Watersheds in Time and Place

Writing American History in Europe

Michael Heale, Sylvia Hilton, Halina Parafianowicz, Paul Schor, and Maurizio Vaudagna

Promoting American history in Europe has been a thankless and even dangerous business. Charles Kingsley as regius professor of modern history at Cambridge in 1866 endorsed a proposal that Harvard send someone to lecture on American history every other year, but was angrily rebuffed by dons who feared for the monarchy and the Church of England, one thundering that "we shall be favored with a biennial flash of Transatlantic darkness." For somewhat similar reasons, Tsar Nicholas I of Russia prohibited the teaching of comparative constitutional law in universities. The king of Naples jailed a professor in 1858 for citing George Washington favorably, and even if that story is apocryphal, its circulation hardly encouraged the open study of American history.

But, sometimes nourished, sometimes abused, American history did struggle to life in European universities. Its emergence and local trajectories were uneven, since Europe was far from a homogeneous entity. Today Europe comprises some fifty countries, and any attempt to map the course of academic interest in American history in them is necessarily tentative. This chapter offers a broad chronological analysis of European historiography of the United States. It locates major watersheds at the end of the nineteenth century, shortly after World War II, in the mid-1970s, and following the fall of the Berlin Wall. While the Cold War significantly boosted the study of American history in Europe, its end ironically marked an even more rapid expansion of the field. This chapter also charts regional and national variations, including the differing experiences of writing American history in western and eastern Europe and the distinctive case of the Iberian Peninsula. It matters where history is written. In recent years, global and other influences have promoted some convergence in the practices and perspectives of professional historians, but national cultures remain resilient enough to sustain the discrete characteristics of the European academies.

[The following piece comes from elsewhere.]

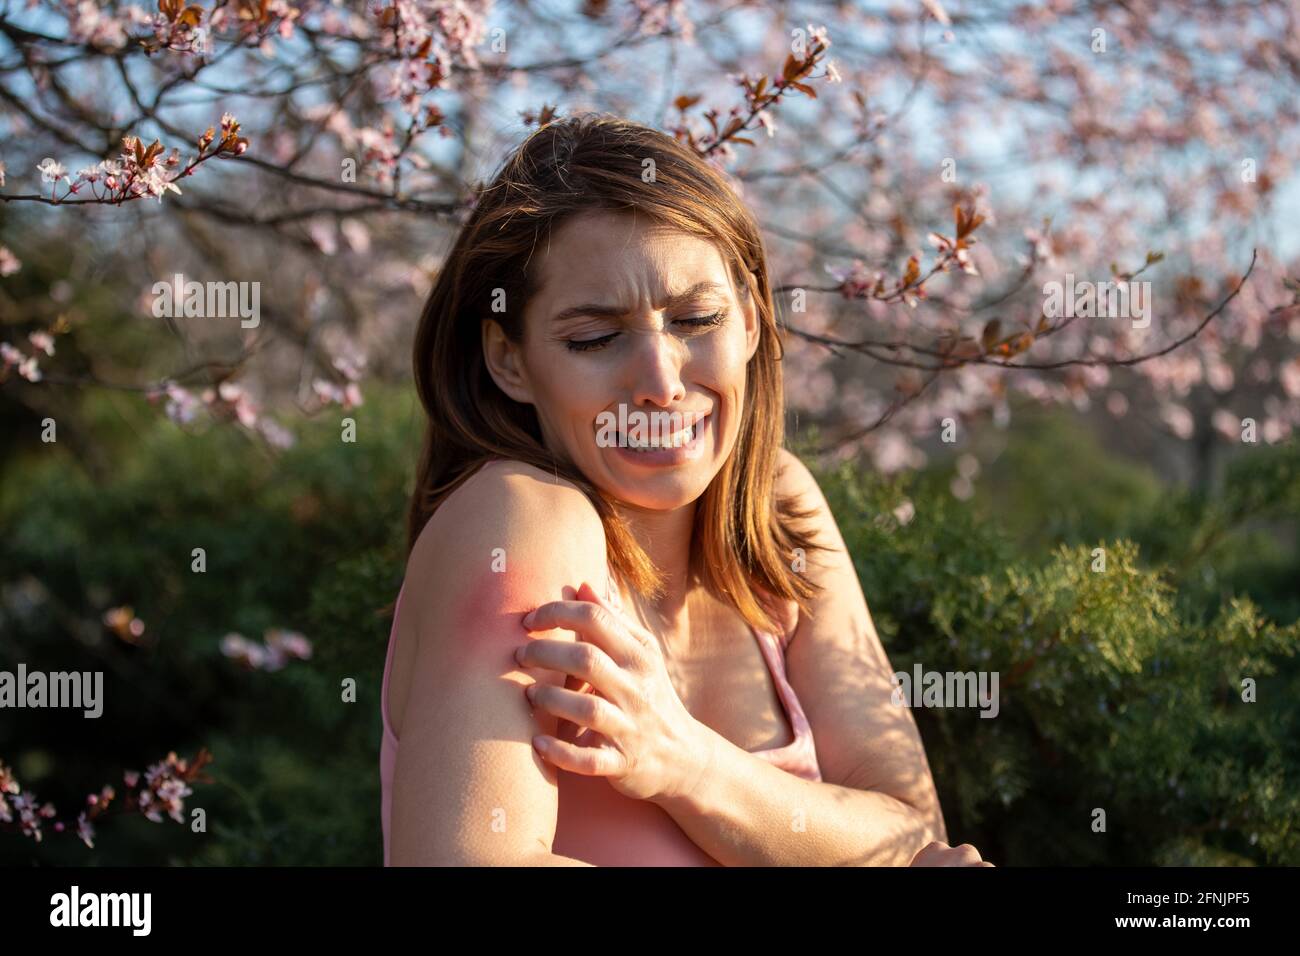 Hübsche junge Frau, die im Frühling neben einem blühenden Baum im Park den Arm kratzt. Rötung und juckende Haut als allergische Reaktion Stockfoto

The recurring preoccupations of European Americanists reflect the influence of place. It hardly needs to be said that the diverse connections between the American and European continents have long commanded attention, as scholars have examined the bilateral relationships between their home countries and the United States. Colonial expansion, migration, diplomatic relations, wars, trade, and transatlantic cultural interactions are all topics susceptible to scholarly research in European archives and have often been seen as extensions of European history. When the Polish scholar Michal Rozbicki first taught in a U.S. university, his students were bemused by his treatment of New England Puritanism as a continuation of the European Reformation rather than as a "new chapter," with the focus on migrants who could not "escape" their culture. Once American history in this Atlantic perspective was well established in a particular country, though, its practitioners tended to diversify into other areas. The very distance of Europe from the American continent may also condition what scholars choose to see, as illustrated by a long-standing interest in the American experience with race. Well before the publication of Gunnar Myrdal's The American Dilemma (1944), and especially since the 1960s, European scholars have written extensively on American slavery and race, intrigued by the looming presence in American history of a phenomenon so at odds with the values enunciated in the Declaration of Independence. Lately European interest in racial and ethnic themes has sharpened as several European countries have themselves become immigrant destinations. Location has also played a role in the marked growth in recent decades of the U.S. cultural and social history fields, for while this is partly a reflection of modern historiographical trends, it is also a product of the academic structures in Continental Europe, where American history is often housed in English or American studies departments: a prerequisite of its study is the English language.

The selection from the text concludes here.